Why Romance?

Or:

Seriously Dani?


Okay, so no romance writer worth her salt ever escapes this question. I certainly get my share of well-meaning friends and family suggesting ideas for 'real' books that I might write instead of romance. It is not uncommon for people to take a step back when I tell them that I want to write romance. They struggle to find the connection between a seemingly intelligent, engaged brain with a fantasy plot about an insignificant stage of life.


Rather than repeat myself for the rest of my life, I'm preparing this post to which I shall direct all future wrinkled brows.


I define a romance as a love story with a happy ending. Sometimes there are other elements: ghosts, vampires, danger, intrigue, mystery, food, fashion or erotic experimentation. At it's heart, it's two people falling in love and living happily every after. My characters are generally heterosexual, but I've read some great same-sex romances. So long as they're living happily ever after, I'm happy.


That's what I want from any story: a feeling of happy optimism at the end. I'm extra happy if two people fall in love along the way. Oh, the shame of being so superficial! Real books, important books, aren't so unrealistic. And love? There are more important things in people's lives than love.


I'm not going to wax poetic about the virtues of love. I'm going to point out that practically everyone on the planet looks for it. As soon as a romantic relationship falls apart, we go looking for a new one. When we leave home for the first time, not many of us go looking for a new Mom or Dad, but when we break up with our boyfriend, plenty of us want a new romantic interest. The search for a loving pair bond is a universal experience.


I read once that good fiction is about universal experiences: birth, coming of age, courtship, parenting, war and death. I think there were seven stages, actually, but I can only remember five. Anyway, courtship is in there, but it gets the least respect, probably because you can manage to look like a hero in all other phases of life, but during courtship you make a fool of yourself every time.


Now, watch me appear very smart by quoting Italo Calvino. (I actually heard it first from Dustin Hoffman in Stranger Than Fiction):


"The ultimate meaning to which all stories refer has two faces: the continuity of life, the inevitability of death." (Calvino, Iown, 259)


Those two faces hark back to the pair of masks denoting that plays come in two sizes: tragedy and comedy. Shakespeare wrote tragic love stories (Romeo and Juliette) and comedic ones (Taming of the Shrew.) Romeo and Juliette appears to be about love, but really, isn't it about war and the inevitability of death?


I'm not saying stories about the inevitability of death lack value. For many people that type of story rings very true. For me, I take comfort in the continuity of life. I've been to the pit of hell and know death is inevitable. While everyone was waiting on their Golden Heart and Rita calls, I got a call to my seventh funeral in three years. I really don't need to spend my leisure time fixating on the fact that we're all going to die.

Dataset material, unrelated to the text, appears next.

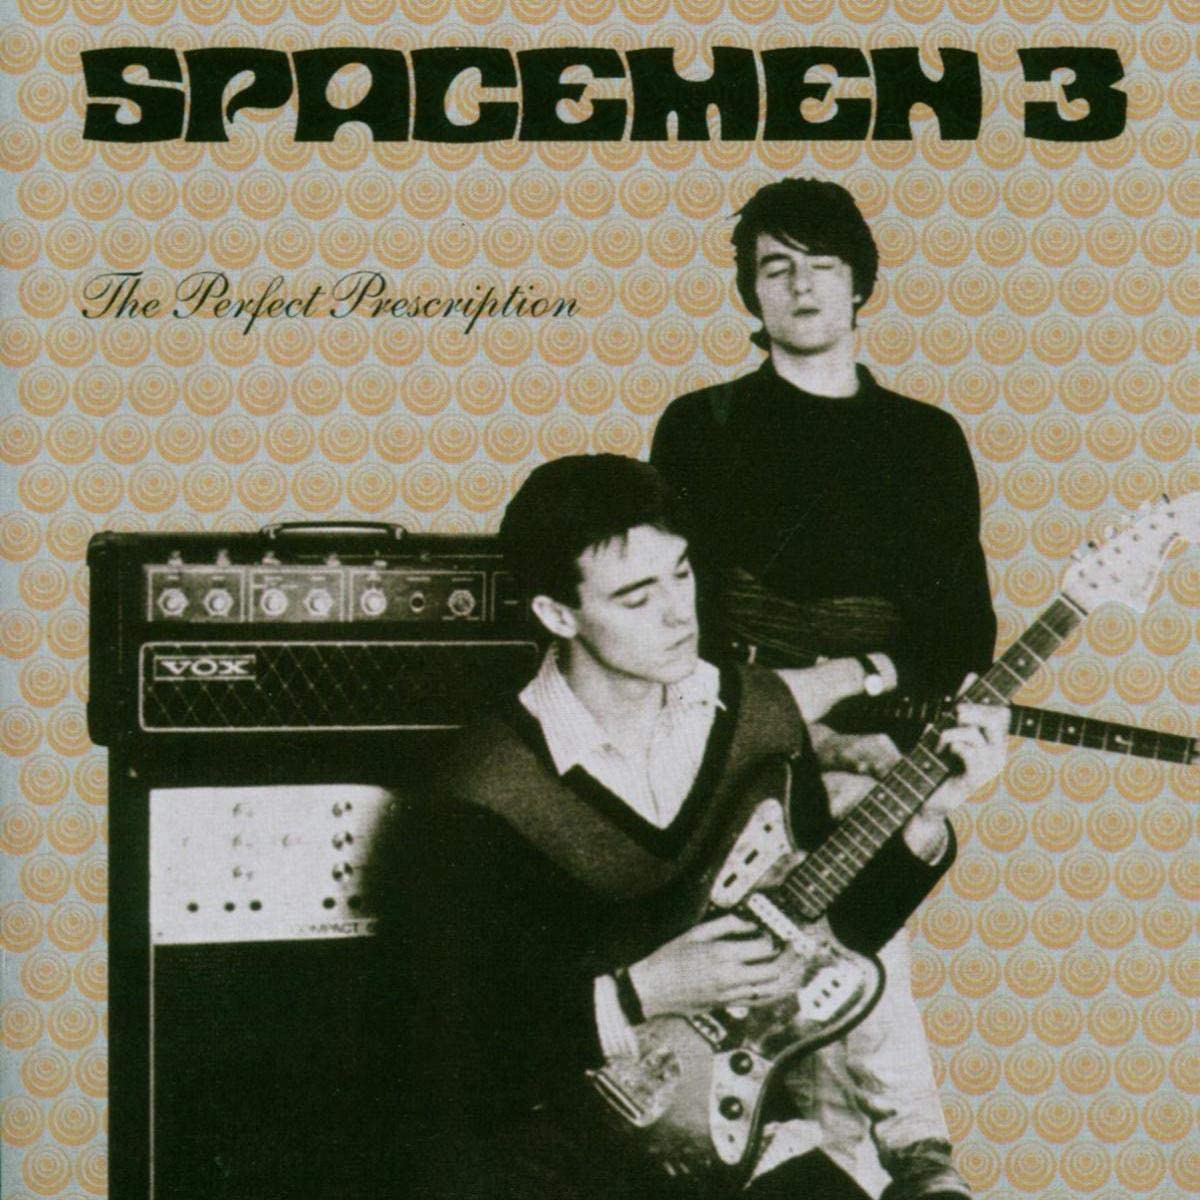 Vinyl repress of this 1987 album from the Spacememen 3

And yet, this is why scoffers find happy endings unrealistic. The fact is, we are all going to die. However, more or less universally, humans seek immortality in reproduction. How do we reproduce and ensure a piece of ourselves cheats death? By forming a pair bond--through courtship.


Maybe trying to tell courtship stories in a heroic way makes me a fool, but it still appeals to me. Plus I love the idea of having enough money to tour the Mediterranean on a private yacht, being catered to by obsequious servants. Hey, you only live once.